Name: Tommaso Furlanello
Twitter handle: @cyndesama
Discord handle: iriden#1609

3 Likes

Interesting. Is open assistant already at the stage where you can do chat bot like functionalities or do you just plan to generate the dataset while waiting for that?

Hi thanks for the interest! First of all disclaimer that I am just an enthusiast contributor to OpenAssistant and not an organizer, therefore, I can’t really speak for the whole project.

The path from pre-trained language model to chat-bot is roughly —> fine-tune on large collection of Q/A and User/Assistant data → Use the fine-tuned model to propose multiple answers and let a human evaluate them, use this evaluation to train a critic in the rl sense and use this to create a reward signal to further fine-tune the network with policy gradient. Reagarding OpenAssisting, we are currently merging multiple Q/A and User/Assistant datasets as well as preparing an interface to collect human data, in parallel we are producing multiple synthetic data-sources like OpenBugger and other projects that extract Q/A from YoutubePodcasts or wikiHow and many other. Other groups are setting up the pipelines and infrastructure for training each of the steps.

The plan for OpenBugger is to work as a data-augmentation tool to enrich whatherver code-data we can get with negative bugged examples to align the bot towards being really good at spotting and correcting bugs.

1 Like

Have you seen this project, it seems very similar, or maybe to assist you with making bad scripts.

1 Like

Whao, unfortunately they stopped maintaining after python2, but it could almost become adversarial training for code generators: while the model tries to write code to run, pyringe could attempt minimal changes to it to try and break it.

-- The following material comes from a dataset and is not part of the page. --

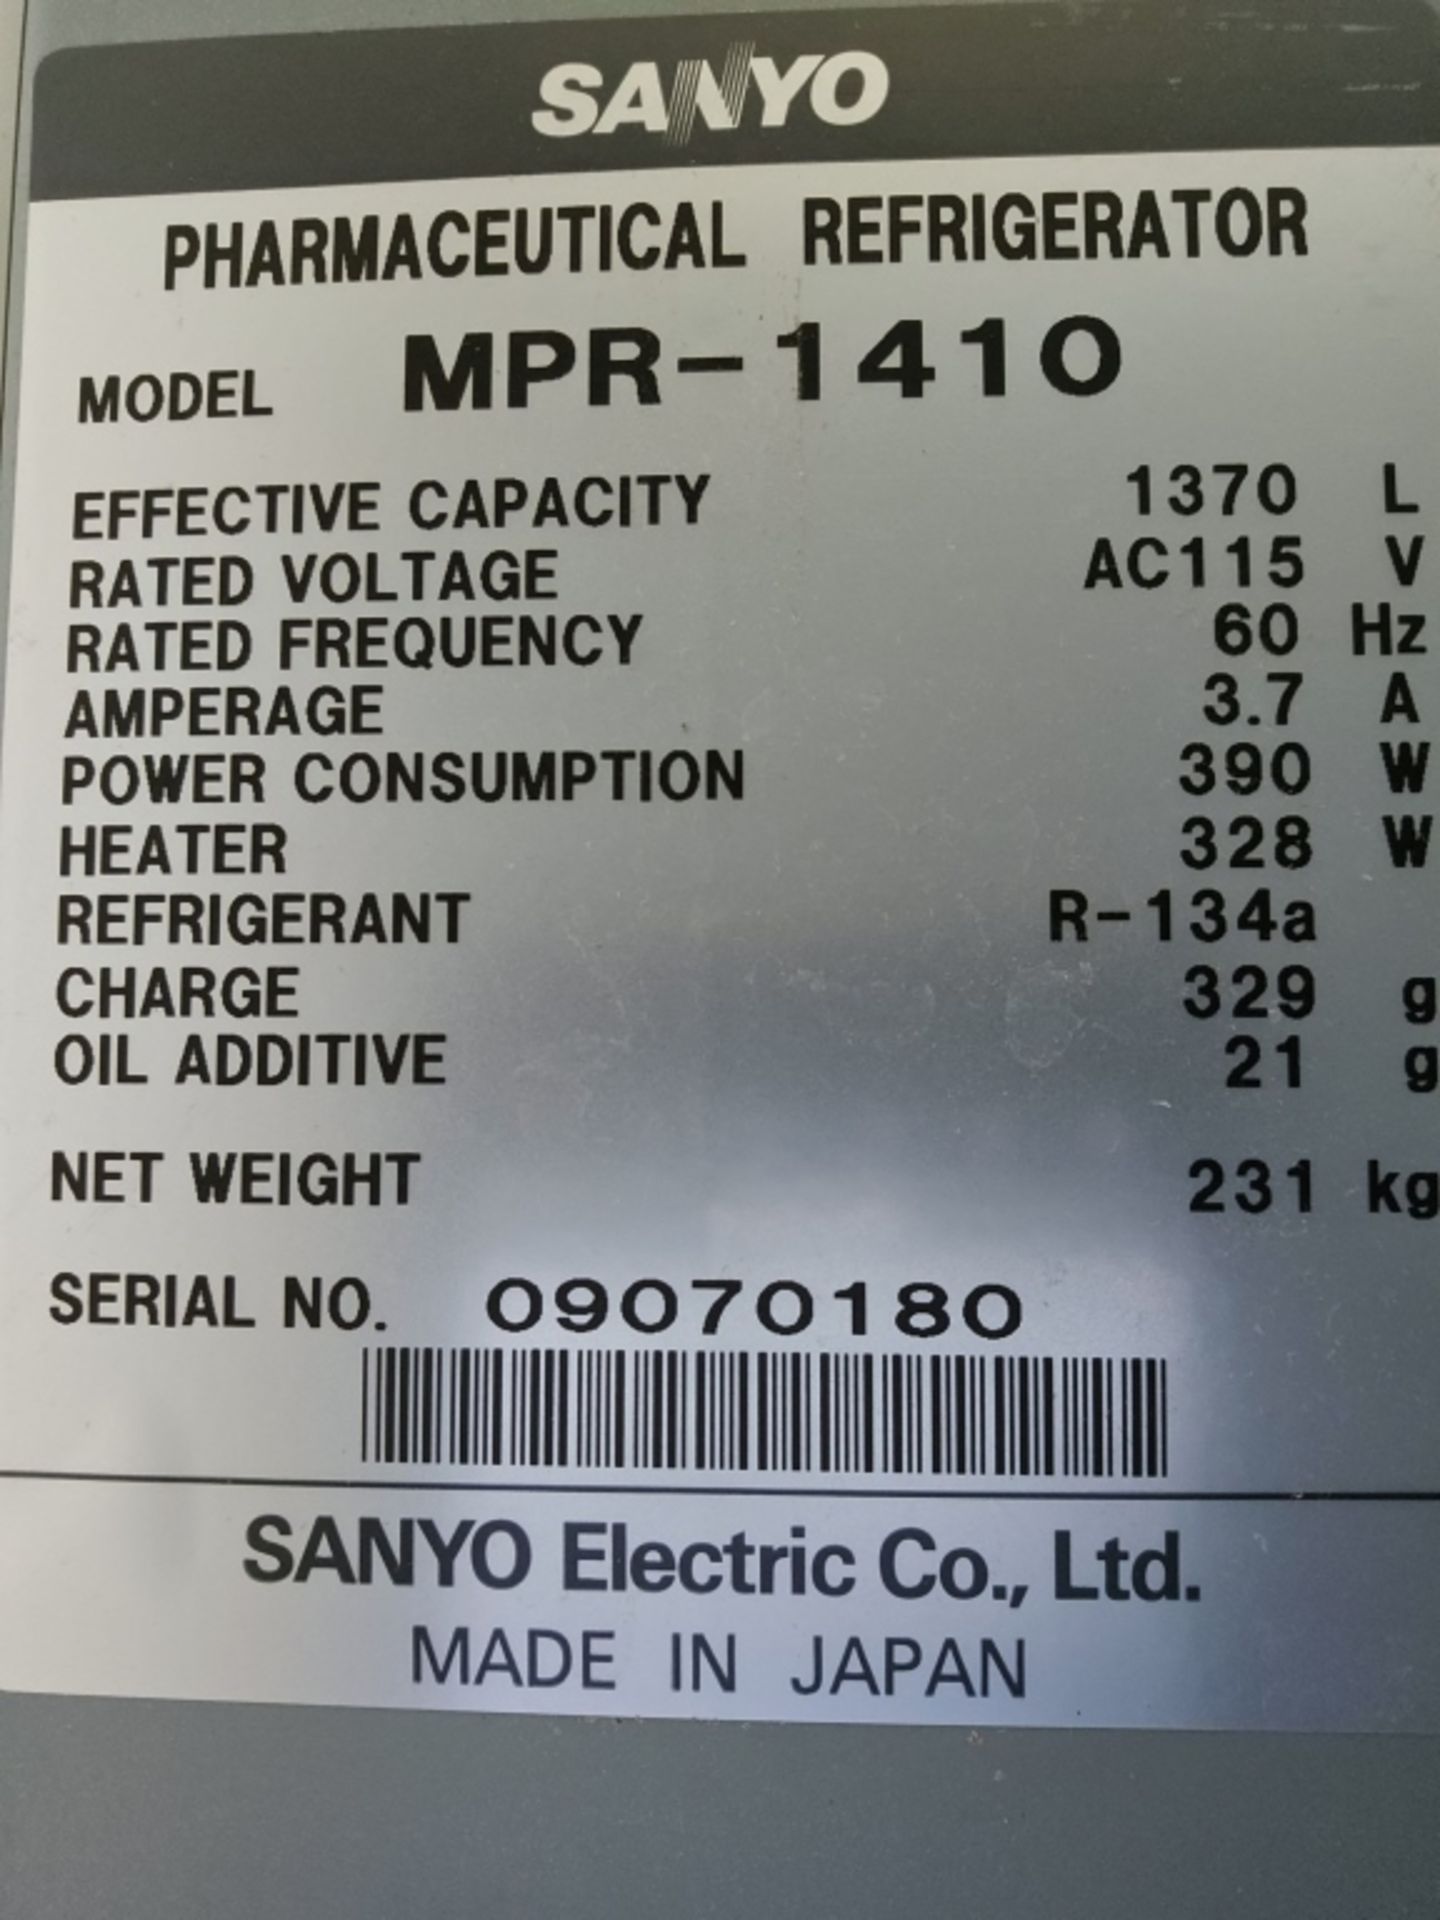 Sanyo Model MPR-1410 Pharmaceutical Refrigerator - Image 2 of 2

My approach for OpenBugger is currently much more simple, and easy to maintain, it simply uses regular expressions and the inspect module, furthermore, I suggest not to run the bugged code outside of dockers or other containers because some scripts create memory leaks or infinite loops.

1 Like

Title: “Revolutionizing Code Debugging and Refactoring with OpenBugger: An Open-Source Python Library for Self-Supervised Training of AI Debuggers”

Audience Level: Developers interested in cutting-edge AI-assisted programming and self-supervised machine learning, as well as Python experts who want to automate large-scale code debugging and refactoring.

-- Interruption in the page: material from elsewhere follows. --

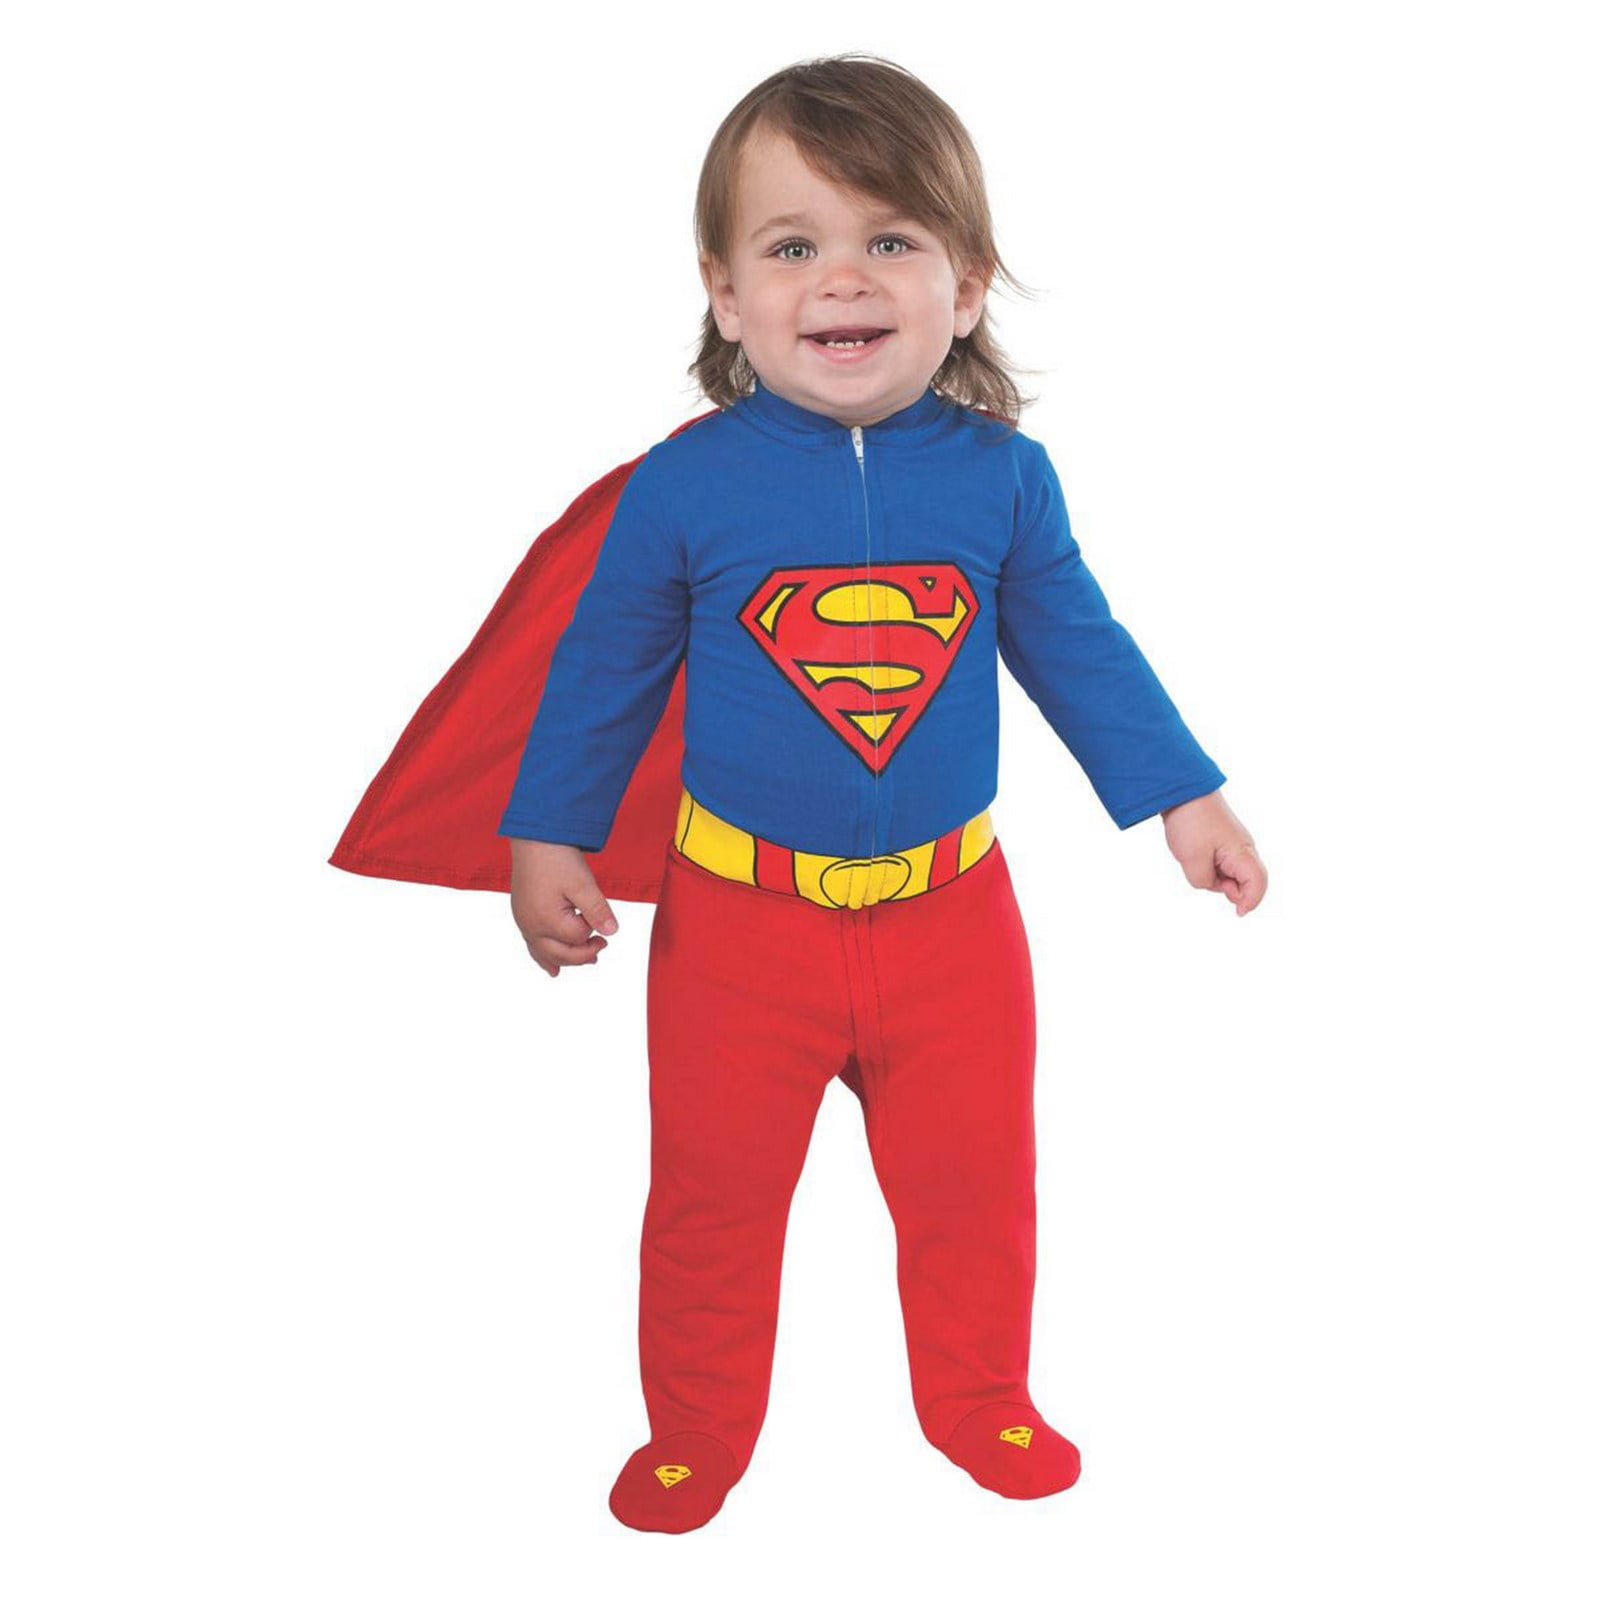 Superman Romper Costume With Removable Cape

Brief Description: OpenBugger is an open-source library that uses the power of LibCST to automatically generate bugs in Python code, providing a valuable tool for training AI models for code generation without direct human supervision.

Abstract/Summary:

The OpenAssistant project is an ambitious effort to develop a Large Language Model assistant with comparable capabilities to Chat-GPT, with a strong focus on programming and accessing external resources. One of the main challenges of this project is the scarcity of publicly available datasets for code debugging and refactoring. OpenBugger addresses this issue by providing a framework for the automatic generation of bugged Python code, which can be used to train AI models in a self-supervised manner.

OpenBugger uses the power of LibCST to perform reproducible edit-operations on entire codebases. The library generates code with a set of invertible edit operators, called Mutators, that can be chained together to create complex bug patterns. Example mutators range from simple syntax bugs that completely halt code execution, to more subtle changes in logic that introduce infinite loops and memory overflows. The library also provides tools to automatically debug the generated code by storing a trace of the edit operations performed, such that step-by-step debugging instructions can always be recovered.

By the end of this talk, attendees will have a clear understanding of the necessary data sources to train powerful Python code generators, as well as how to create them with OpenBugger.